Что отец хороший, я уже знал. И если она наговорит много красивых слов в адрес своей матери- это я уже успел усвоить, - значит, изо всех сил старается не думать о ней плохо, что бы та ей ни сделала. Вот откуда ветер-то дул.
Только я хотел что-то возразить, как заметил-из-за всех дверей и окон нас провожают любопытные взгляды. Деревня явно терялась в догадках.
- Но верно и то, - сказала Амелия чуть позже, - что я такая, какой ты меня любишь, лишь потому, что ни на что путное не гожусь.
Да, сразу видно, что не простых кровей.
Эта не клевала носом ни тогда, когда сидела на скамье у печки, бледная как полотно, ни потом, дежуря часами у моей постели. Эта не клевала. Эта еще задаст нам всем загадки.
Тут мы поравнялись с открытым окном в доме Лобига, на котором Мона Зимзен разложила свои товары. То есть дошли уже до середины деревни. Сегодня в продаже были шпильки для волос, ядровое мыло и перец в зернах.

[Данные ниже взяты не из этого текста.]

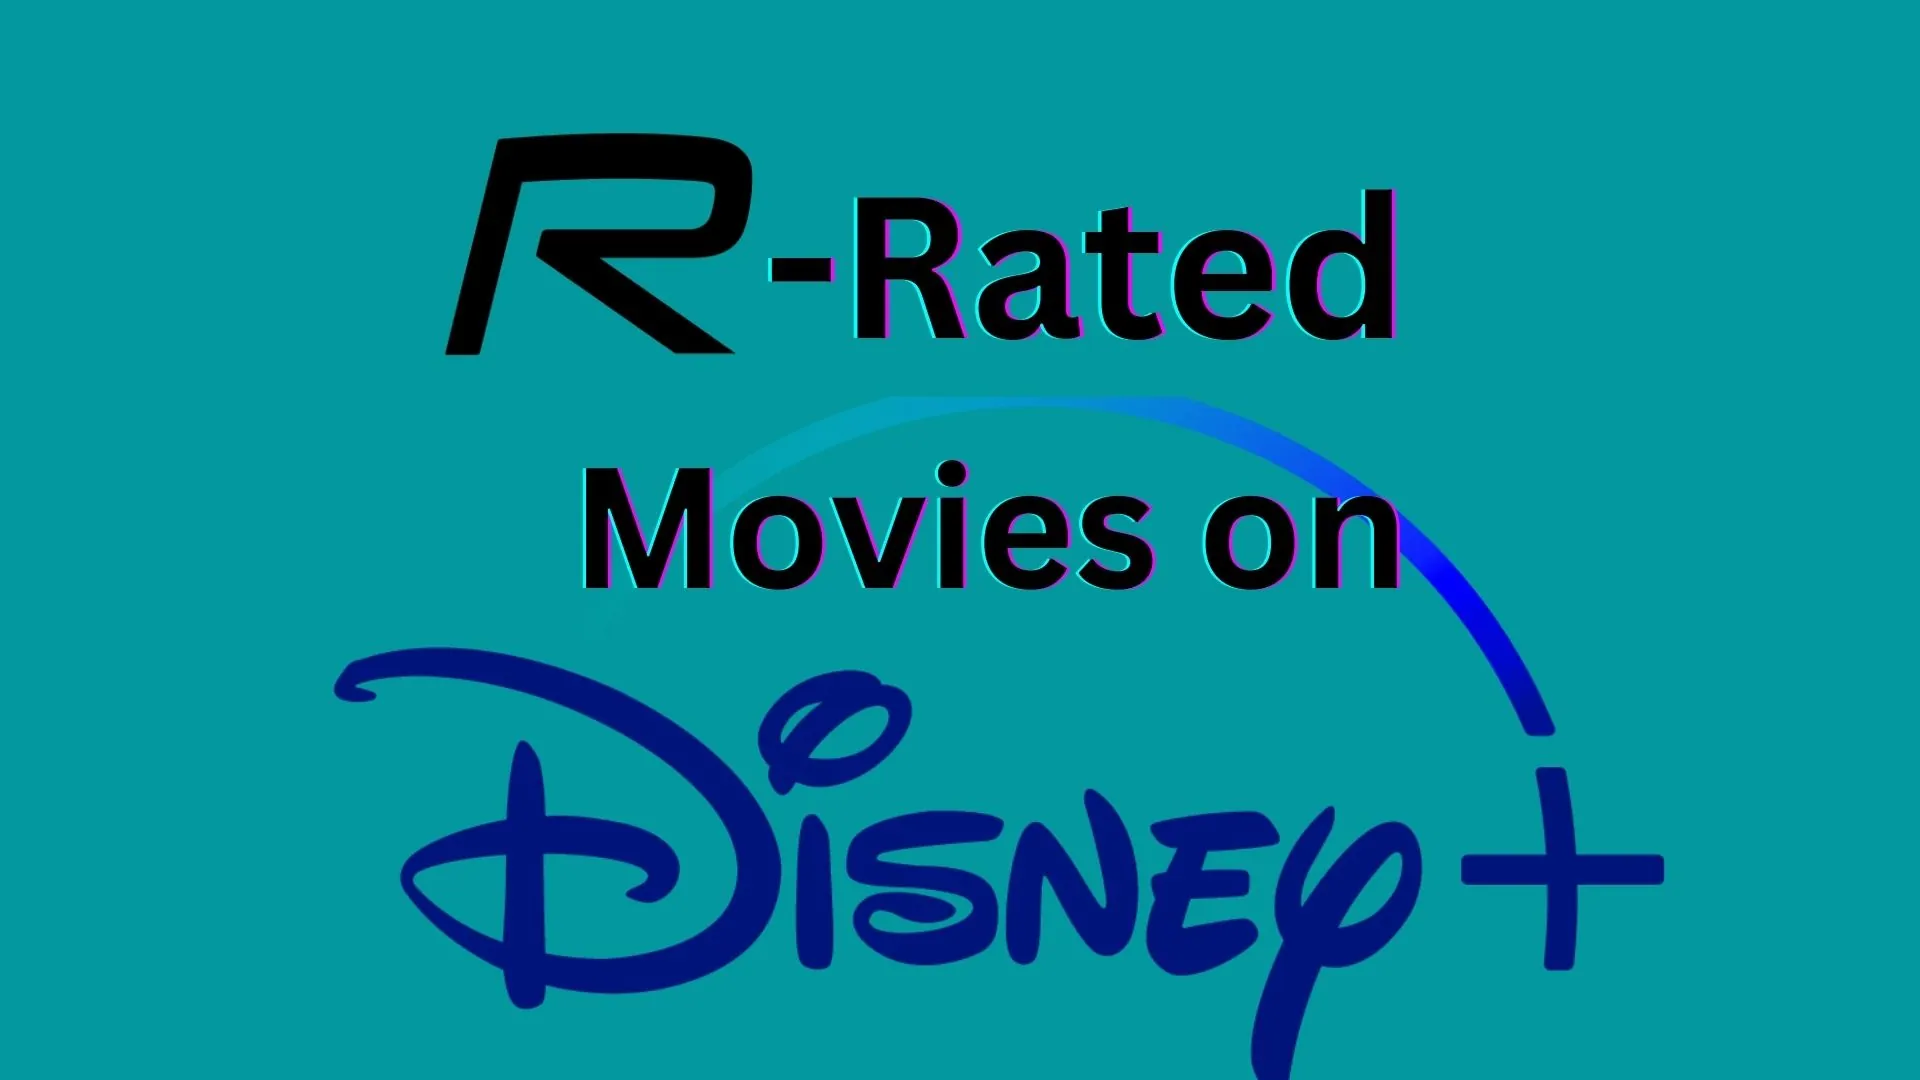 R Rated Movies on Disney Plus
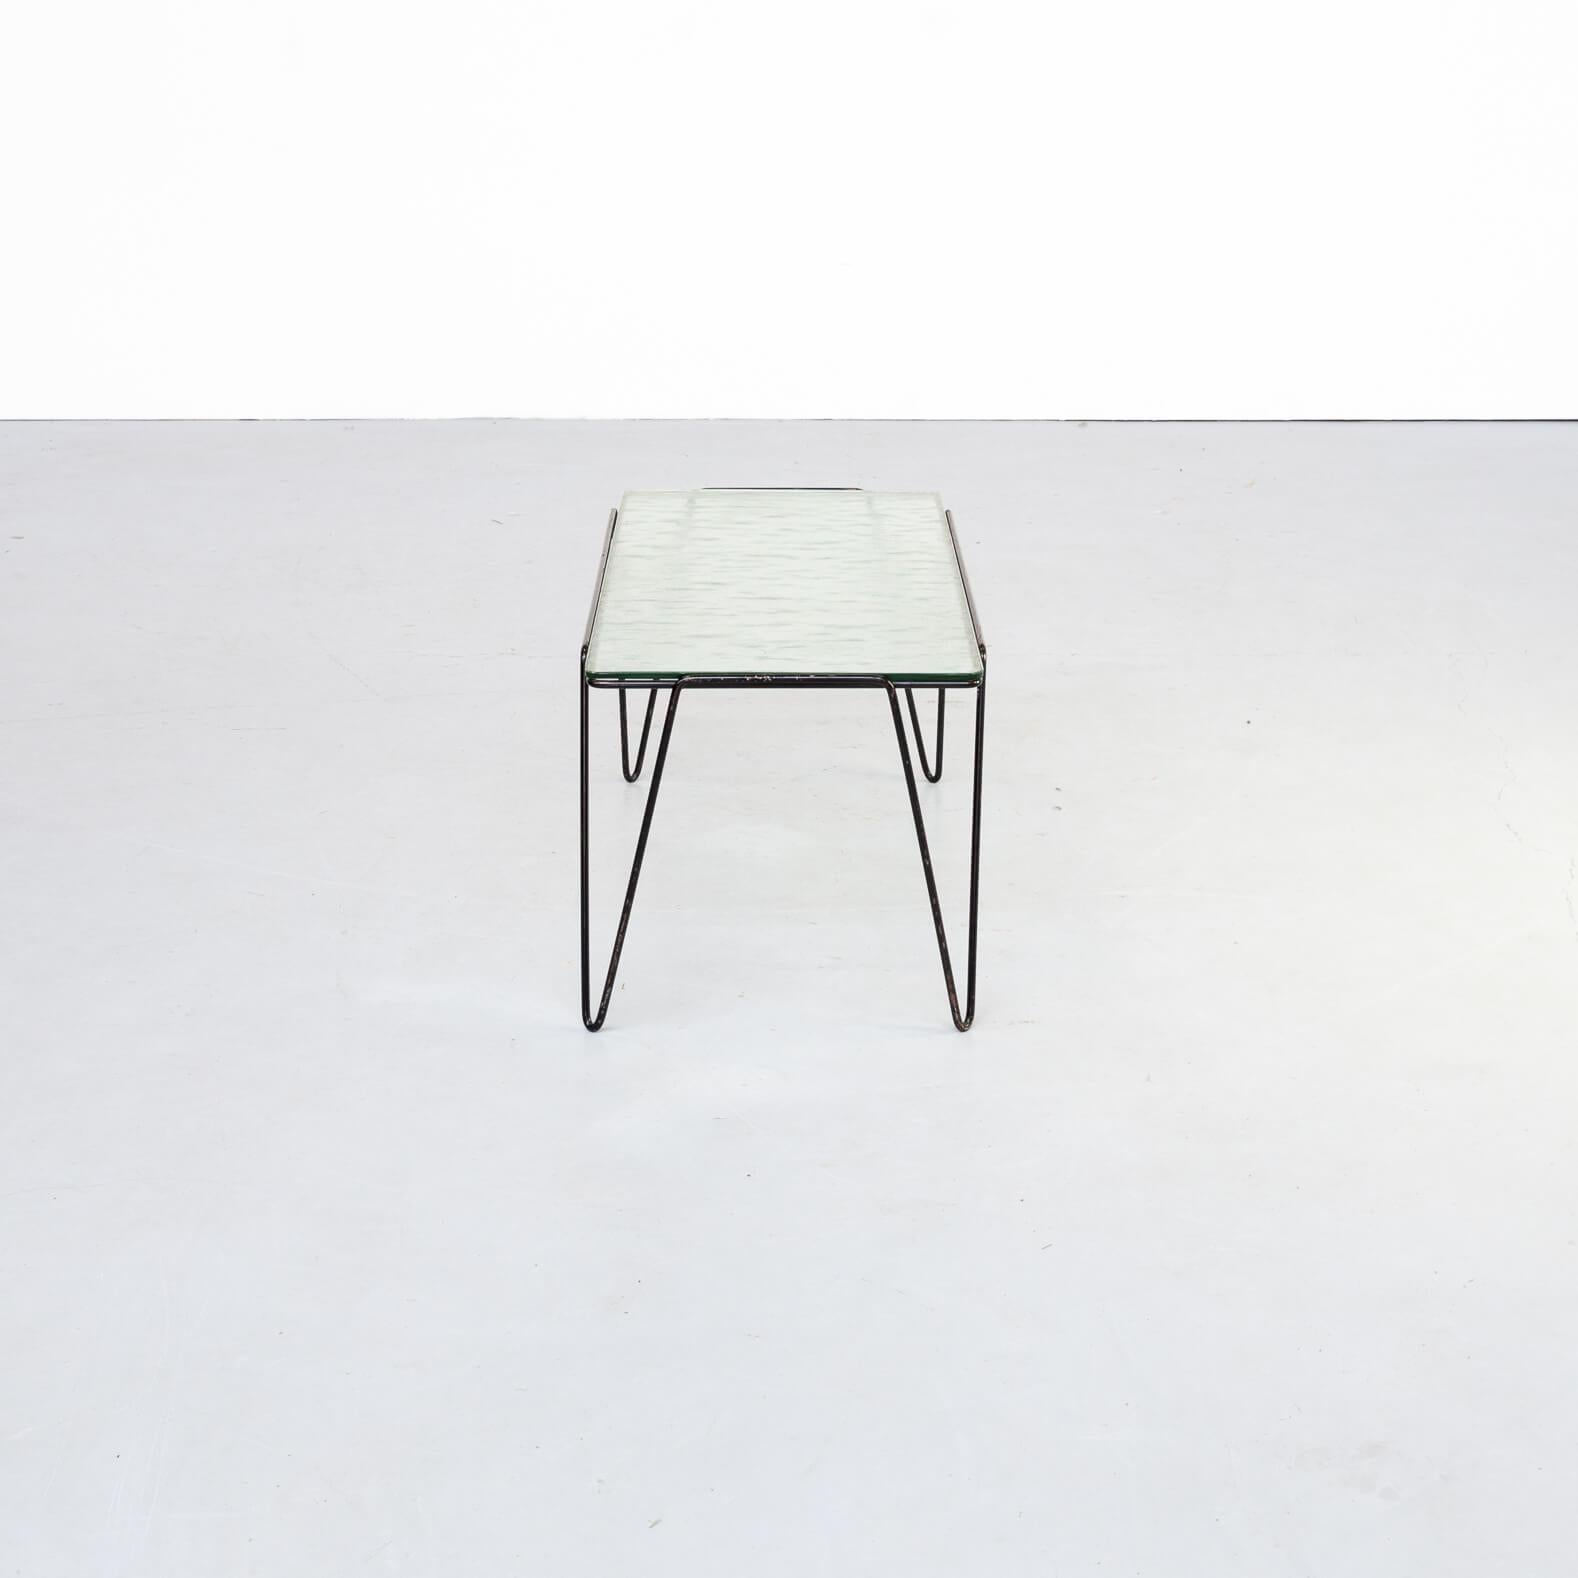 Coffee table designed by Arnold Bueno de Mesquita for Dutch Spurs Goed Wonen Meubelen in 1955. Original glass!

К окну прилипла целая ватага ребятишек, которые таращились на незнакомую тетю, словно на фею из сказки, и Моне пришлось чуть ли не силой гнать их прочь.
- Пошли, пошли отсюда, ребятки, идите себе, играше. - А когда это не помогло:- Вот кликну дядю Лобига, он вам задаст!
От толстого слоя косметики лицо ее казалось мертвой маской; несмотря на жару, она куталась в черную накидку и нервно переступала с ноги на ногу. Дверь за ее спиной тут же распахнулась, и "дядя Лобиг"
ворвался в комнату, красный как рак.
Дети бросились врассыпную-зря, как оказалось: не они привели его в бешенство.
Быстро оглядев комнату налитыми кровью глазками, он мрачно уставился на свою размалеванную помощницу. С Лобигом вообще трудно было ладить. Так же внезапно дверь за ним захлопнулась; видимо, в какой-то другой комнате он все же нашел, что искал, поскольку вскоре из глубины дома донесся приглушенный грохот. Звук был такой, словно платяной шкаф повалился на дверь. Мона Зимзен улыбнулась нам, стуча зубами от страха.
"Потаскуха!" - прошипела Амелия. Не нравилась ей эта подделка под благородную. Вероятно, в книжках, которые она прочла, этот сорт женщин выглядел не лучшим образом.
Та поспешно захлопнула окошко - мол, лавка на время закрыта и даже спустила жалюзи.
Но мы все же еще немного постояли, прислушиваясь к шуму и грохоту, который, зародившись где-то в глубине дома, теперь грозил выплеснуться во двор. Суля по силе ударов и треску ломаемой мебели, дрались мужчины, и дрались всерьез. Амелия заметила мое волнение и потянула меня за рукав. Мол, будет лучше, если я поскорее вернусь в постель. Но мне казалось, что я досматриваю все тот же страшный сон.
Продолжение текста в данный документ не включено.